Benchmark U.S. crude futures fell to $73.97 a barrel; posting their worst monthly loss since December 2008.

 

The ministry has been sticking to the 1.3% GDP growth estimate for 2009 in past months, while analysts saw contraction of 1.4%. Analysts polled by Reuters expected the UAE economy to grow by 2.5% this year.

 

UNITED KINGDOM

The UK economic recovery is under way, but the country faces heightened threats from the worsening crisis in the euro zone and upheaval in global financial markets, according to the British Chambers of Commerce. The business group raised its forecast for economic growth this year to 1.3% from 1.0% predicted in March, but cut its forecast for gross domestic product growth for next year to 2.0% from 2.1% because of the higher medium-term risks.

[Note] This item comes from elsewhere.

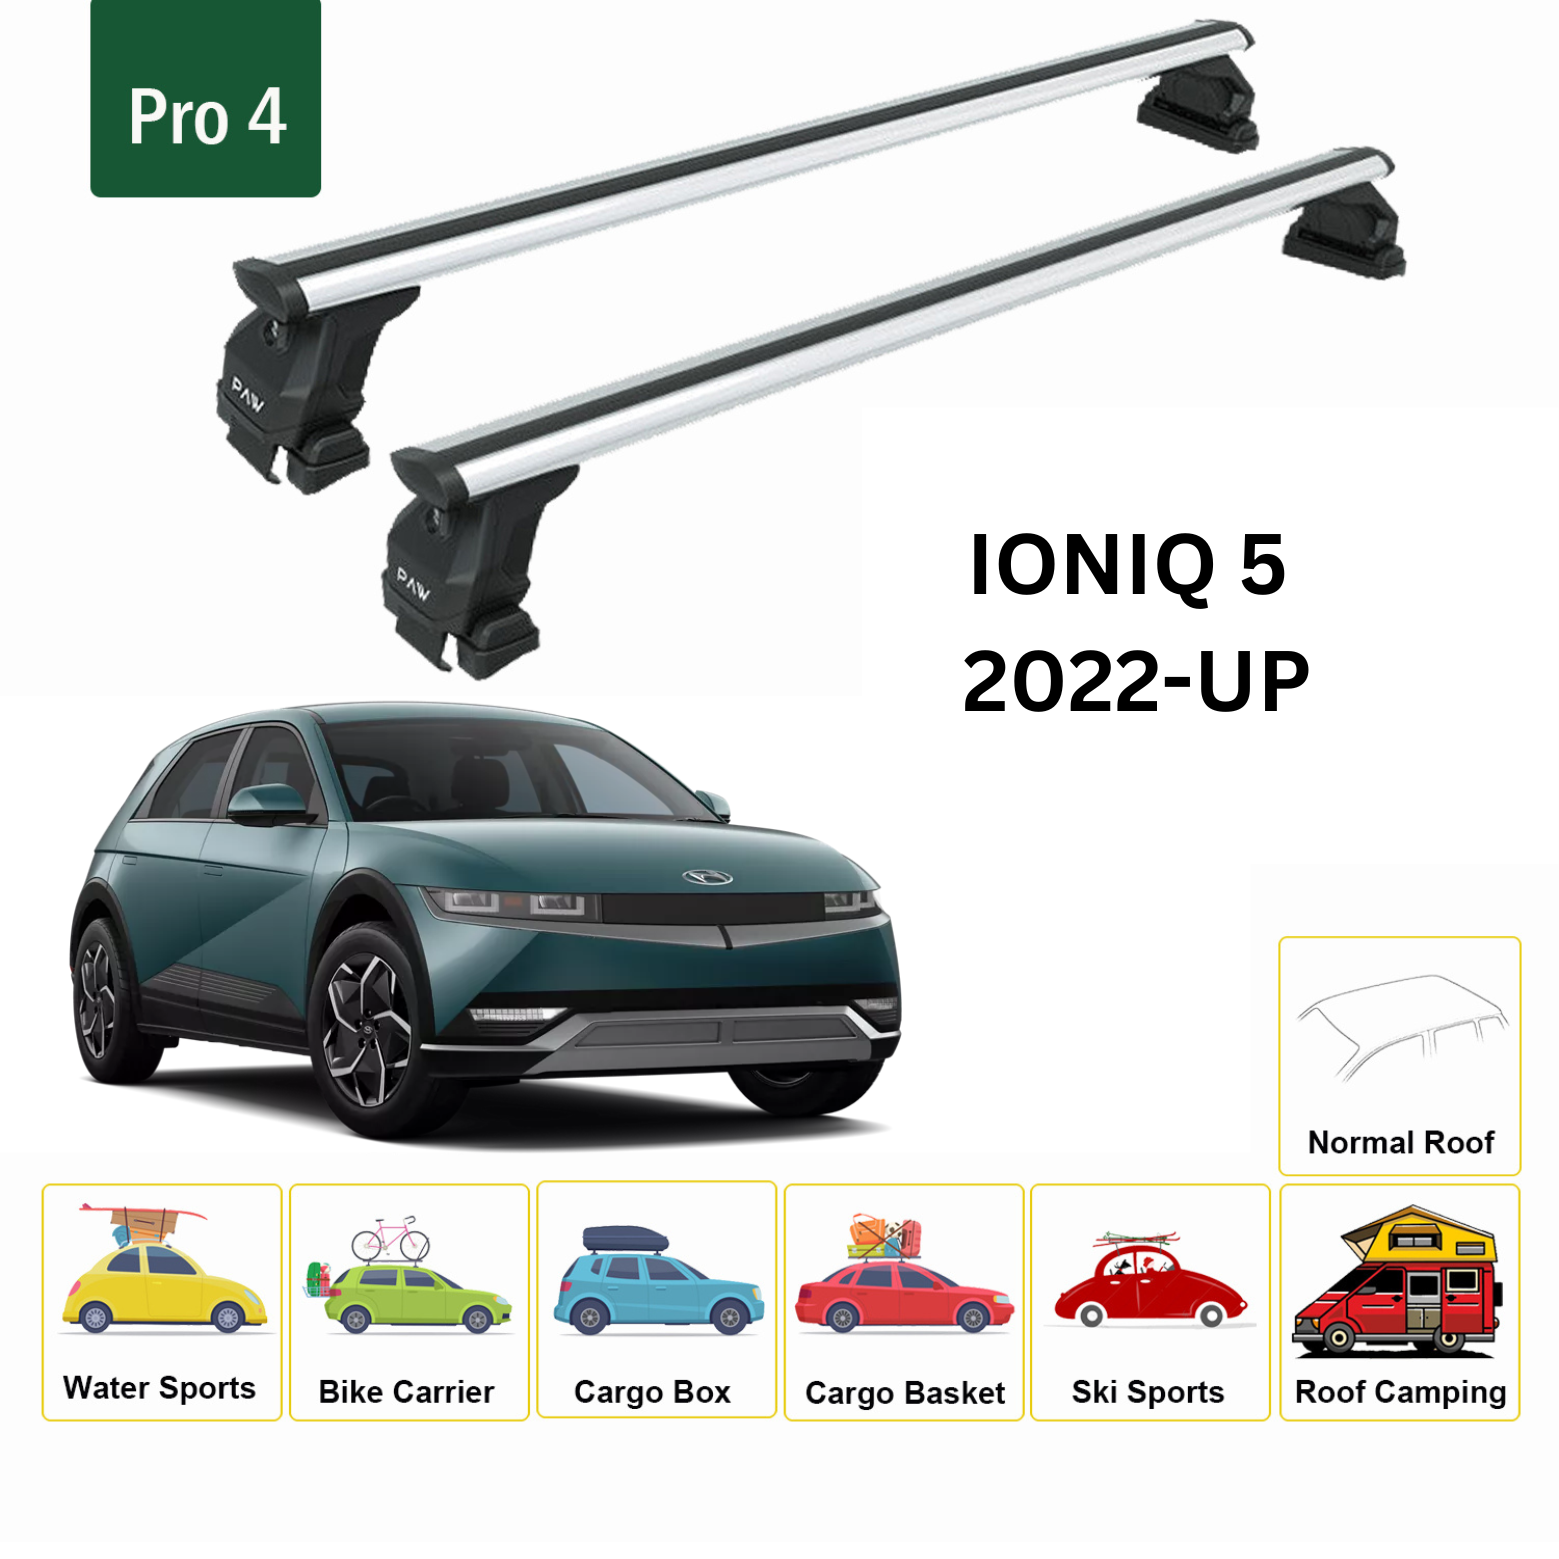 For Hyundai ioniq 5 2022-Up Roof Rack Cross Bars Normal Roof Alu Silver - 0

The UK economy contracted 4.9% in 2009.

 

David Kern, the BCC's chief economist, said that after two consecutive quarters of economic growth, the risk of a relapse is less severe.

 

"The recovery is still weak, and it would be unwise to disregard the threat of a double-dip recession," he said in a statement. "The crisis in the euro zone and turmoil in the global financial markets threaten to dampen the UK's growth prospects."

 

He welcomed the new coalition government's "forceful" measures to deal with the large budget deficit, but cautioned that any significant fiscal tightening beyond the recently announced £6 billion measures should only be implemented when the economic recovery is more secure.

 

"The need to slash the budget deficit, strengthen the enfeebled banks, and reduce personal debt will limit growth," he said. "Over the next four to five years, growth in GDP is likely to average just under 2% per year—considerably less than the 2.7% average growth recorded in the period 2003-2007."

 

Unlike the Paris-based Organization for Economic Cooperation and Development, which said last week that the Bank of England should hike rates to 3.5% by the end of next year, the BCC recommended it keep rates low for a prolonged period to support businesses.

 

The BCC forecast the Monetary Policy Committee would hike rates to 1.0% from the current record low of 0.5% in December, and up to 2.5% by the end of 2011. However, it also predicted that inflation would average 3.3% this year and 2.9% in 2011. The business group said it expected the new coalition government to cut public sector net borrowing to £147 billion, or 9.9% of GDP, in the 2010-2011 financial year, and then £116 billion, or 7.5% of GDP, the following year.

 

Although it predicted unemployment would peak at 2.65 million in the first quarter of next year, it said the better-than-expected labor market developments since mid-2009 masked some worrying trends. An aggressive government deficit reduction program may also hit public sector employment.

 

"To achieve a sustainable improvement in Britain's productive potential, recent adverse trends in the labor market must be reversed," Mr. Kern said. "Inactivity needs to decline, full-time employment must grow, and private sector employment has to increase."